Periódicos Brasileiros em Medicina Veterinária e Zootecnia

Escherichia coli in Chicken Carcasses in Southern Brazil: Absence of Shigatoxigenic (STEC) and Isolation of Atypical Enteropathogenic (aEPEC)

Cerutti, M. FVieira, T. RZenato, K. SWerlang, G. OPissetti, CCardoso, M

The aim of this study was to investigate the presence of shiga toxin-producing Escherichia coli (STEC) and atypical enteropathogenic Escherichia coli (aEPEC) in frozen chicken carcasses sold at stores in southern Brazil. Typical E. coli colonies were enumerated in 246 chicken carcasses, and the presence of stx1, stx2, eae genes was investigated in their rinse liquid and in E. coli strains isolated from those carcasses. Strains of E. coli were also investigated for the presence of bfp gene. A median of 0.6 cfu.g-1(ranging from 0.1 to 242.7 cfu.g-1) of typical E. coli colonies was found in the carcasses. Shiga toxin-encoding genes (stx1 and stx2) were not detected, indicating that the chicken carcasses were negative for STEC. The intimin protein gene (eae) was detected in E.coli isolated from 4.88% of the carcasses; all tested strains were negative for the bfp gene and were classified as aEPEC. Twenty-two aEPEC strains were tested for resistance to ten antimicrobials and subjected to macrorestriction (PFGE).

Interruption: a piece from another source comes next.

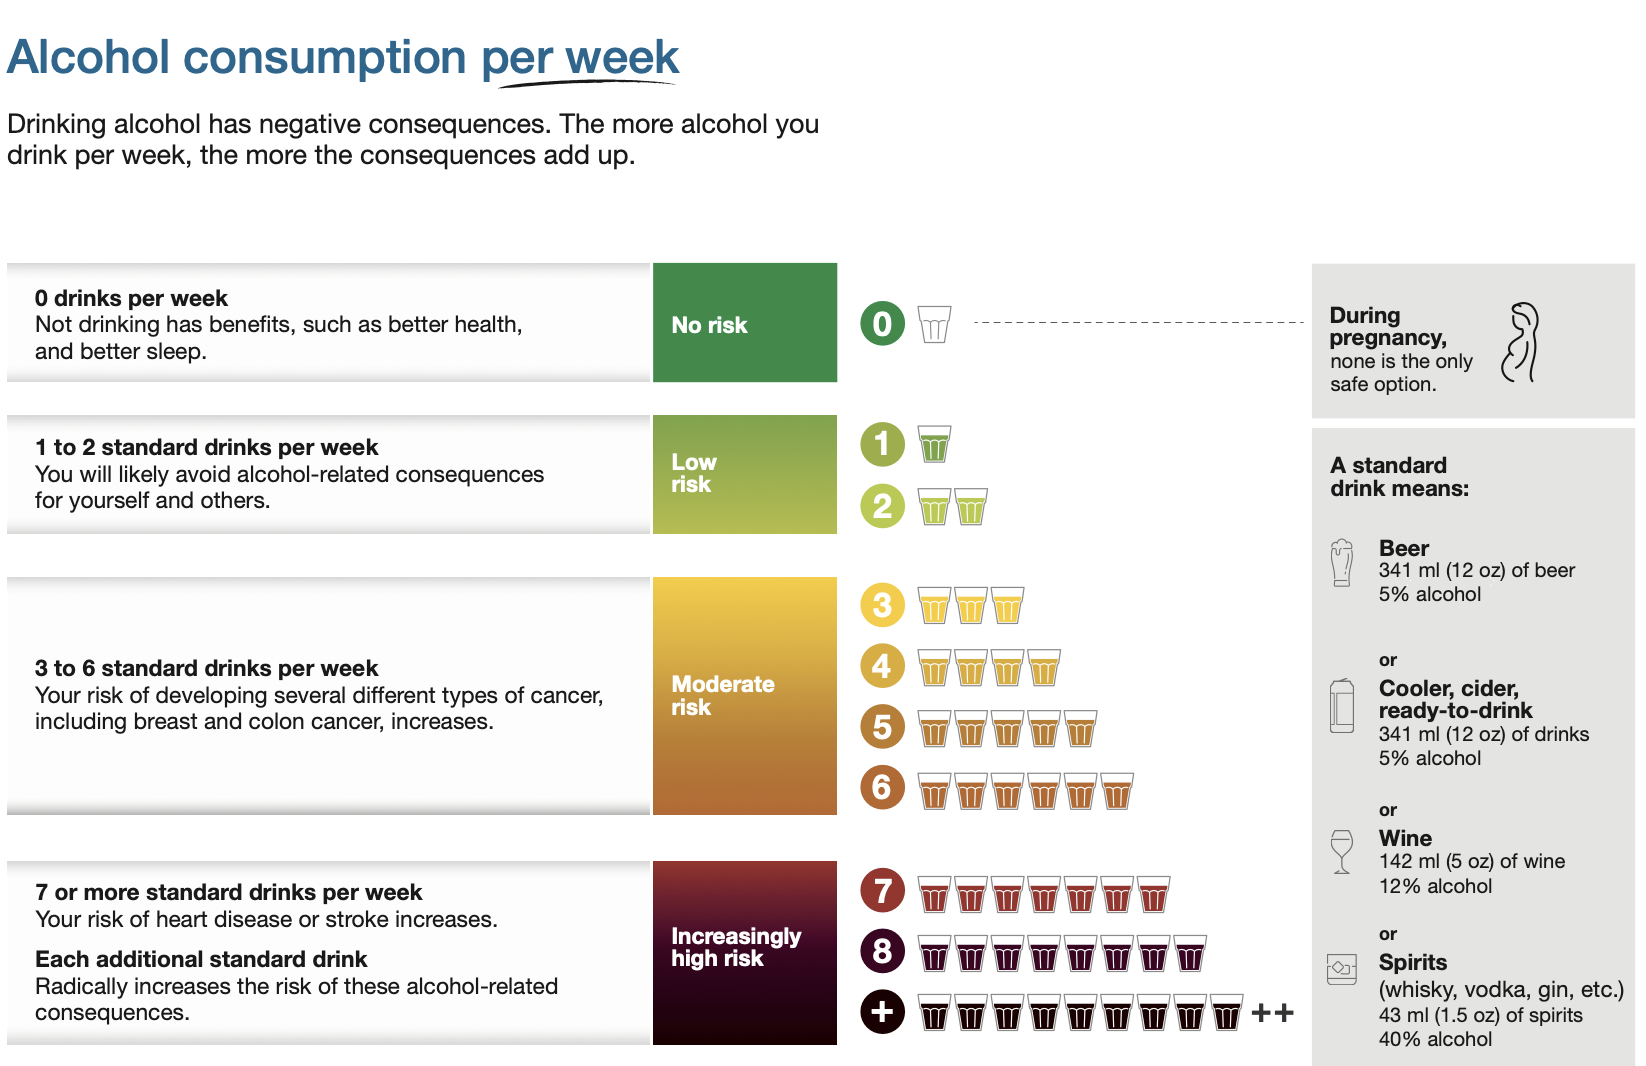 Chart of negative consequences of alcohol consumption based on weekly consumption
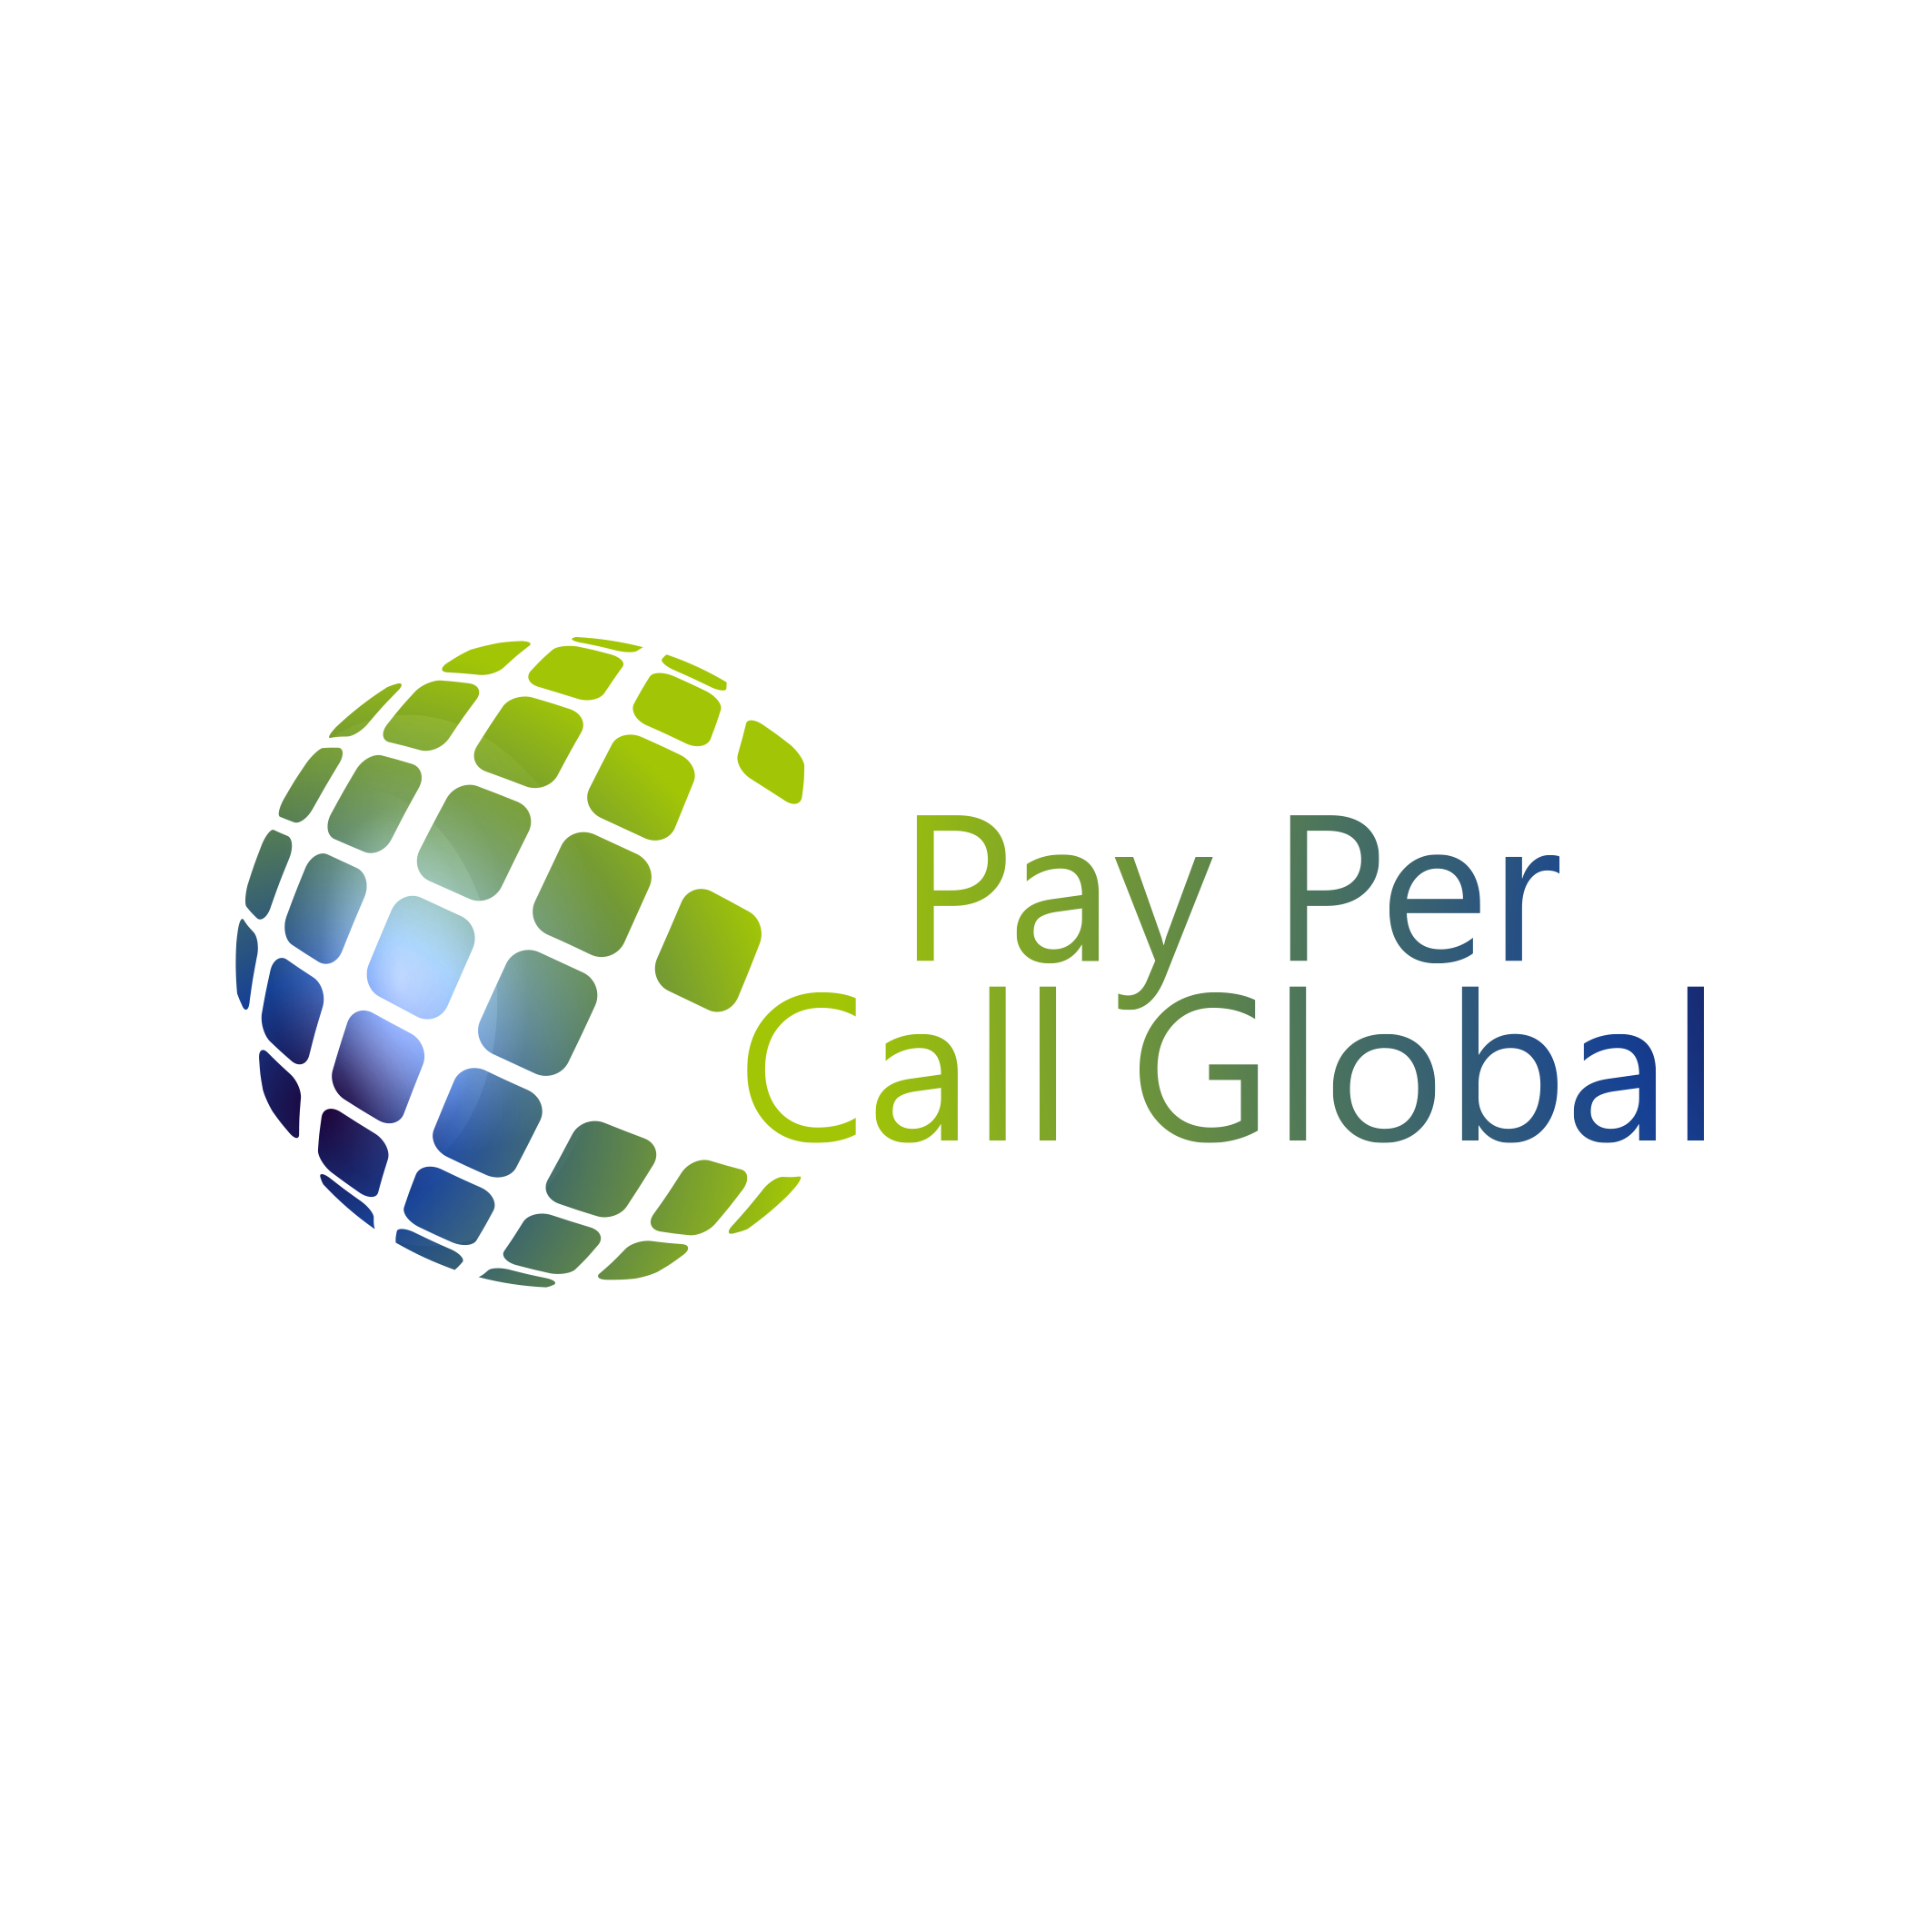 Pay per call networks

All the tested aEPEC strains were fully susceptible to cephalosporins, ciprofloxacin and colistin. Resistance to sulfonamide (65%), ampicillin (55%), tetracycline (50%) and gentamicin (45%) were the most frequent. The PFGE profile demonstrated a low level of similarity among the resistant strains, indicating that they were epidemiologically unrelated. The results indicate that aEPEC strains can contaminate chicken meat, and their association with strains implicated in human diarrhea needs to be further investigated.(AU)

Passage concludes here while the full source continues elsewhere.